Although simple and easy-affordable, memory-based methods badly deal with large datasets. In addition, they are highly sensitive to the data sparsity issue. Model-based methods have been developed to overcome these limitations.

2.2 Model-based methods

Model-based methods show the advantage of their accuracy and scalability. Several recent high-performant RS [13] use them to efficiently model user-item interactions. Those methods are most often based on Bayesian networks [23, 33, 46, 48, 52], clustering CF [5], latent semantic CF [42] and matrix factorization technique [30, 32, 36, 40]. Among model-based approaches, those based on matrix factorization are the most popular [28, 57]. Matrix factorization (MF) is a dimensionality reduction technique that reduces an original high-rank matrix into low-rank latent factor matrices. Afterwards, an optimization method helps to minimize the interaction function. Considering user-item interactions modeled by low-rank latent factor matrices, authors in [22] propose MF-based methods to alleviate the data sparsity problem while authors in [18] propose a MF-based recommender framework for an online recommendation. Authors in [28, 32, 35] propose a non-negative MF-based model while authors [36] incorporate social information into their recommender framework to effectively feed the MF-based RS. In [29], to address the high computational problem shown by existing recommender models, the authors propose the Nonnegative Latent Factor Model (ANLF) based on Alternating Direction Method (ADM). Their proposal is accurate and highly scalable while showing a low complexity. Authors in [24] develop a trust metric model that is incorporated in the regularization of the matrix factorization process. Similarly, authors in [10] develop a recommendation model that integrates trust social information in the latent feature extraction process performed by using the Single Value Decomposition (SVD). The authors’ proposal is scalable and performs reliable recommendations. Authors in [17] propose an adaptative learning rate function that comes to improve SVD++ recommendation algorithm. The authors’ proposal enhances recommendation performances while ensuring high scalability for large datasets.

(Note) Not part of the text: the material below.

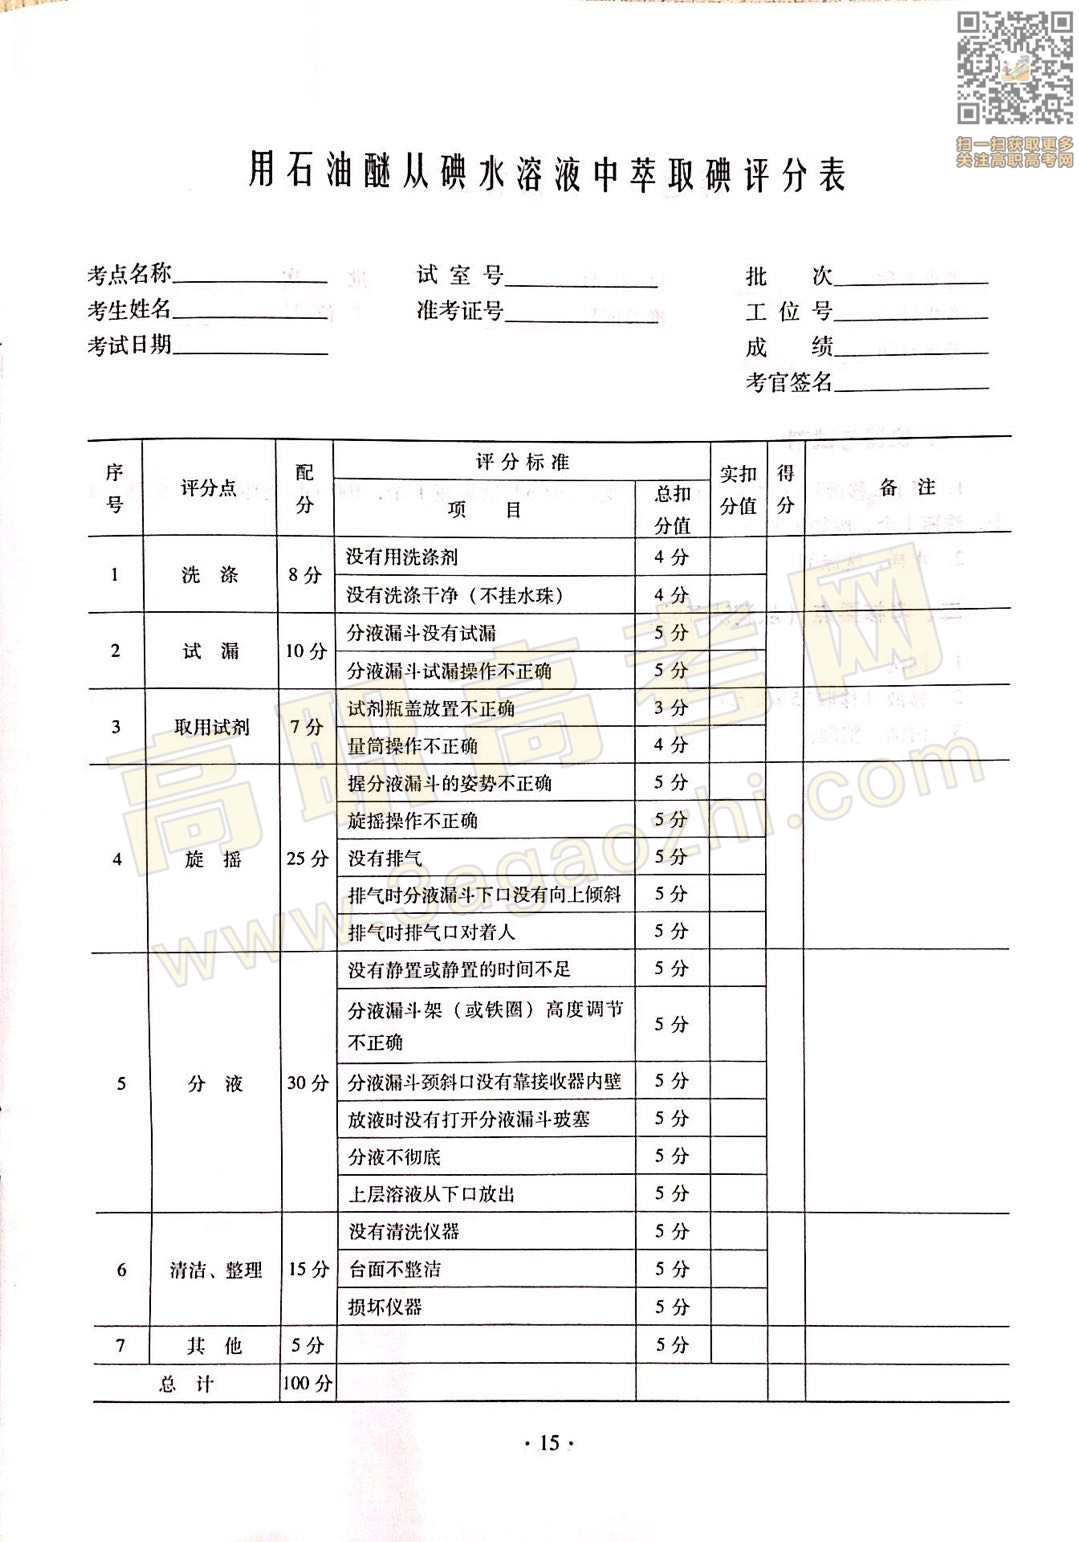 化学证书,2020年广东中职技能课程考试大纲及样题

Despite the efficiency and scalability of MF-based methods, their performances are limited due to the linearity of the dot product of latent factors involved in the interaction function that does not efficiently model complex user-item interactions. To alleviate this limitation, most often bias terms are added to the interaction function. This idea is useful since a rightly defined interaction function contributes to improve the recommendation quality. However, this approach is not enough to completely jugulate insufficiencies of the inner product of latent factors. To address the linearity issue from the inner product of the MF process, some researches exploit the nonlinearity property of deep neural networks.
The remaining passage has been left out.